Responsive mobile-first landing page using html, css and JS

Adeola Bamigboyeβ€’ 280

@deeola

Desktop design screenshot for the Blogr landing page coding challenge

This is a solution for...

  • HTML
  • CSS
  • JS
2junior
View challenge

Design comparison


SolutionDesign

Solution retrospective


Hello FrontenedMentor Community,

This is my first landing major design and i would love an imput and suggestion. I'm a bit worried about the breaking points and the overall layout of the design.

Community feedback

P
Daveβ€’ 5,245

@dwhenson

Posted

hi @clazikar - good work on your first major design. πŸ™Œ I have to say you've picked a tricky one to start with! I've done a few easier ones and am working may way up to this one so I was interested to see you approached things. πŸ‘€

I can see a few areas you might like to have another look at, mostly in the top tricky section as it seems you've done really well on the site after that.

  1. The header looks very large when I open things - I'm not sure you need the max-height: 95vh setting? Things look a bit better when I remove it. At least at the larger screen sizes - I tend to use some padding to increase the size on these types of headers.

  2. I would suggest that the hamburger menus be button elements rather than divs as they activate a change on the page. I also saw that the elements don't disappear at larger screen sizes, which they probably should as it's a bit confusing for users if they remain there with the entire menu showing as well.

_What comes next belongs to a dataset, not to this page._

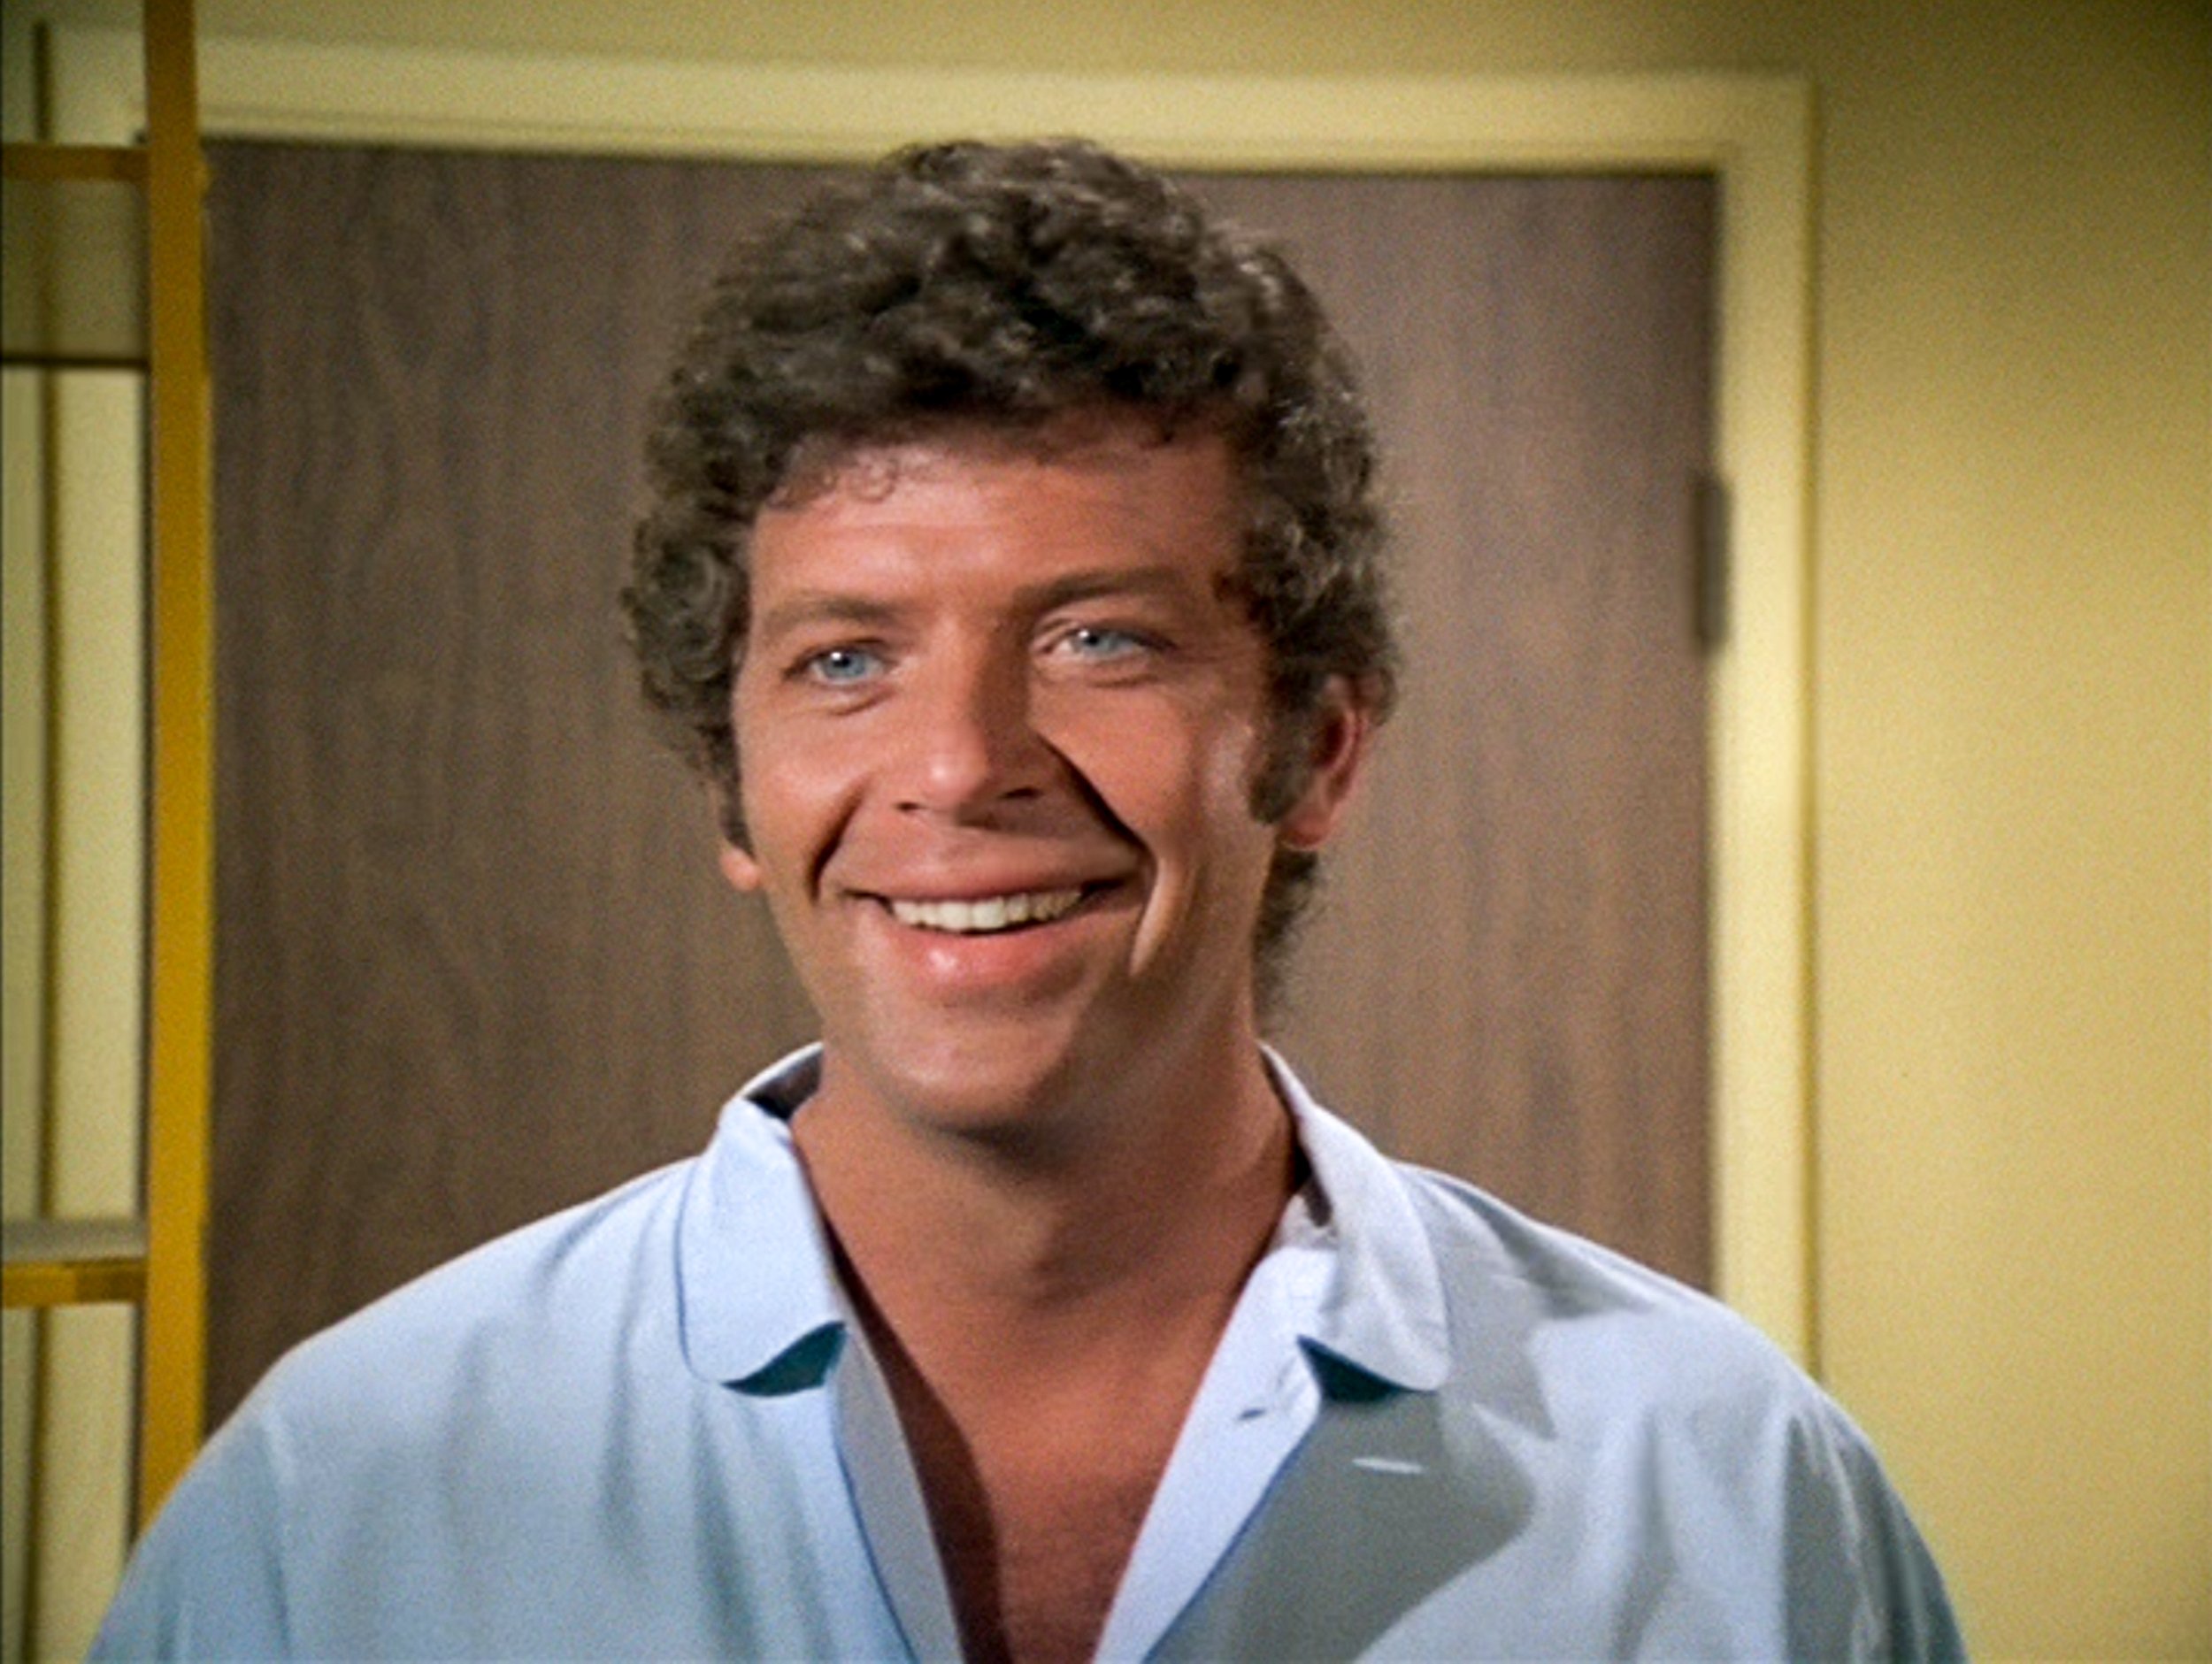 Robert Reed as Mike Brady in THE BRADY BUNCH episode, "Pass The Tabu." Original air date September 29, 1972. Image is a screen grab.| Source: Getty Images

  3. For the hover menus, I can't access the drop-downs as when I move my mouse out they disappear! I was wondering how I would approach this and I thought I might follow the approach in this article: https://css-tricks.com/in-praise-of-the-unambiguous-click-menu/

Personally I hate hover drop down menus! - Oh I just double checked and they seem to work nicely narrow viewports so it's just a desktop issue it seems.

  1. And lastly, a small one, but all those links at the bottom would probably be better off in a nav just to let screen readers and other tech users know what the region contains and it's purpose.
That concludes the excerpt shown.